“Bye” we all say in synchronised voices from the doorway, “see you later Eva” Roma shouts to the car as her sister is busy greeting her friend and turns to throw her a token casual wave behind. The door closes and Roma just looks at me, I fight off the urge to jump back into bed after sporting a huge headache for a couple of days, to take a moment to sit and appreciate the relative quiet or run to ‘get things done’, because as she looks up at me I realise something. We are together as a three.

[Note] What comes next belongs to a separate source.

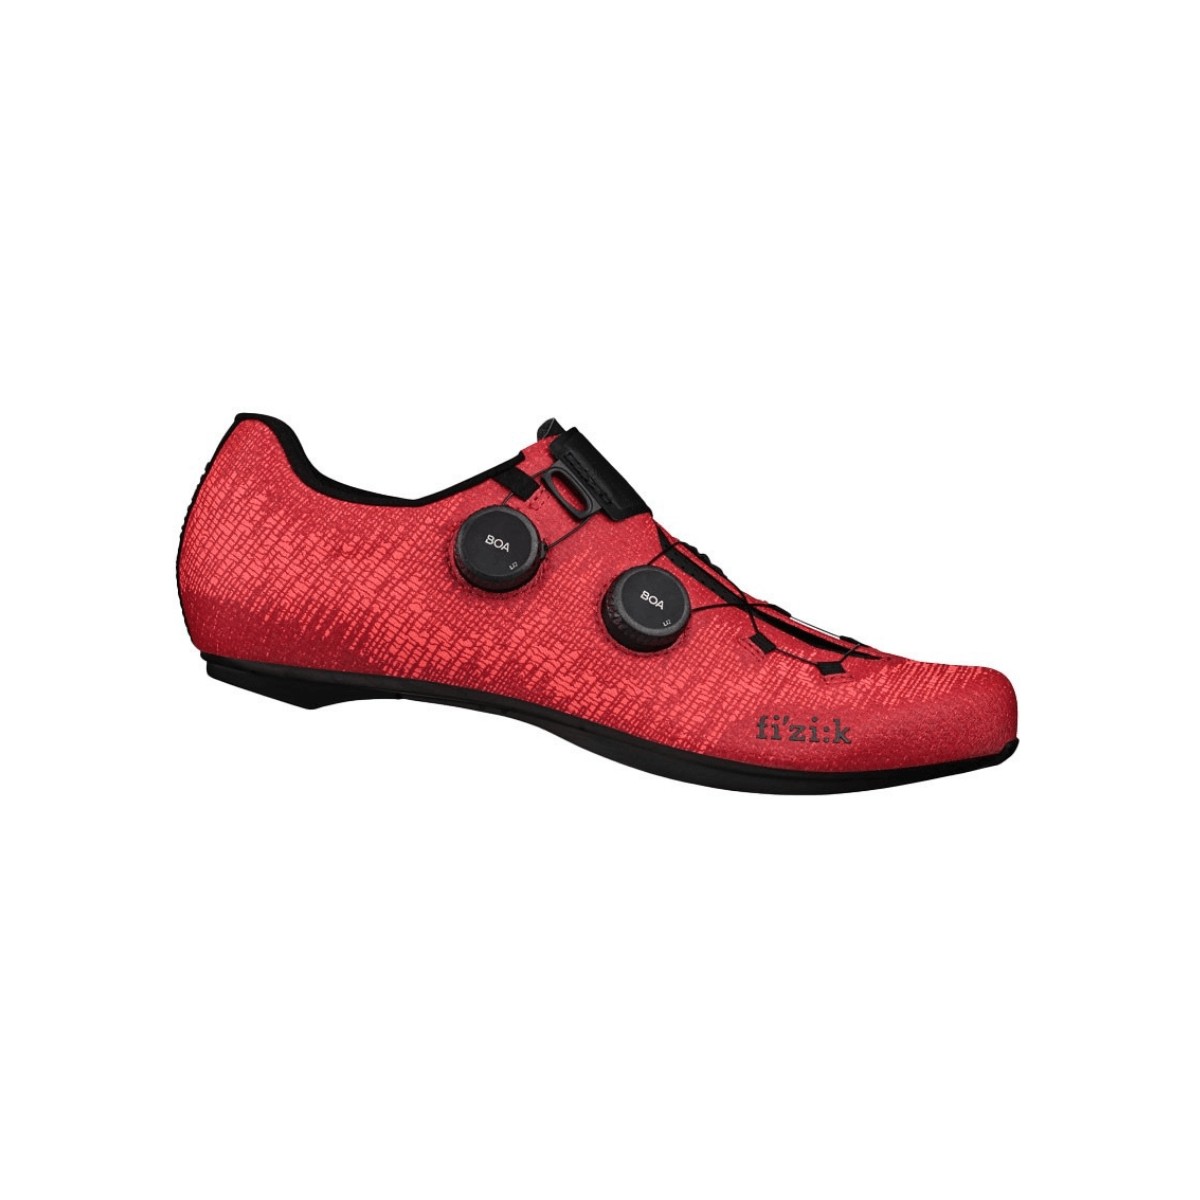 Photos - Cycling Shoes Fizik Vento Infinito Knit Carbon 2 Coral Black Shoes, Size 43,5 - EUR VER2

In the week of course I am at home with Roma, we spend almost all of our time together and I suppose it has just become a given that she has been there, for 2 years she has been a constant. Eva joins after school and we enjoy that time as a three, me and them. The weekends are usually full of family activities as a four, precious one on one time with each individually, or ‘divide and conquer’ as some weekends call for. Rarely though, very very rarely in fact, are there times when Roma gets to have Mummy and Daddy together, quality time us three.
I feel a little bit bad writing that, but it is true that since Eva started school, and since having Roma really, we make such an effort to spend time with her, to make sure she feels as much part of the family as Roma whom is here all the time, to ensure she isn’t missing anything exciting and also because I miss her a ridiculous amount. I strive to treasure and recreate that one on one time we had four whole years of before Roma came. And also because Eva just needs it, and the littlest? She’s just happy to be with whoever she is with. I feel bad about the fact that because I spend so much time with her, that at the weekends I don’t feel the need to quite as much.
Lately though I have been waking up every day, looking at my just turned 2 year old and wondering when she grew up. That maybe as I have never spent that much time apart from her somehow I haven’t noticed it happening. On Tuesday I left her for the very first time at Nursery, just for an hour for a settling in session after she has badgered me for months to go and for the very first time with anyone that wasn’t someone I knew inside and out.
She absolutely loved it, she didn’t ask for me once and when I picked her up (after crying my eyes out in the car, and the coffee shop, and aching to hold my ‘baby’) she seemed to have instantly become a little girl. One that I am so proud of and that I really really want to soak up. To really notice and really appreciate the little person she is and the needs she has too, not just as the person who is happy to be around either of us, one of us, Eva, alone, the one who doesn’t really mind. I never want her to feel undervalued, second best or not treasured as the best little person that she is.
So on this sunny Saturday with Eva out at a party and a few precious hours together we made the effort to go out and treasure this quality time together. We simply went to the park which is something that she loves and we even had the place to ourselves. It was a really lovely day, I sat there just watching her marveling at how far we had come, since that first summer we sat as a four with the picnic blanket in almost that very spot and it felt like only yesterday. But now she is fully talking confident little girl that actually isn’t even that little anymore and I, we, are so utterly proud of her we could just eat her up with every fiber of our being, our baby, our littlest, the last time we will go through all of these firsts and the very best little one indeed.
She is such a stark contrast to her sister, she runs off and plays on her own, happy in her own company and really I’m sure she doesn’t mind that we are both there at all. But it was lovely that had she looked around, when she did glance over her shoulder, we were there, the two of us, completely there for her as we will always be and I am making a promise to her and myself that we will spend more quality time together in the the future.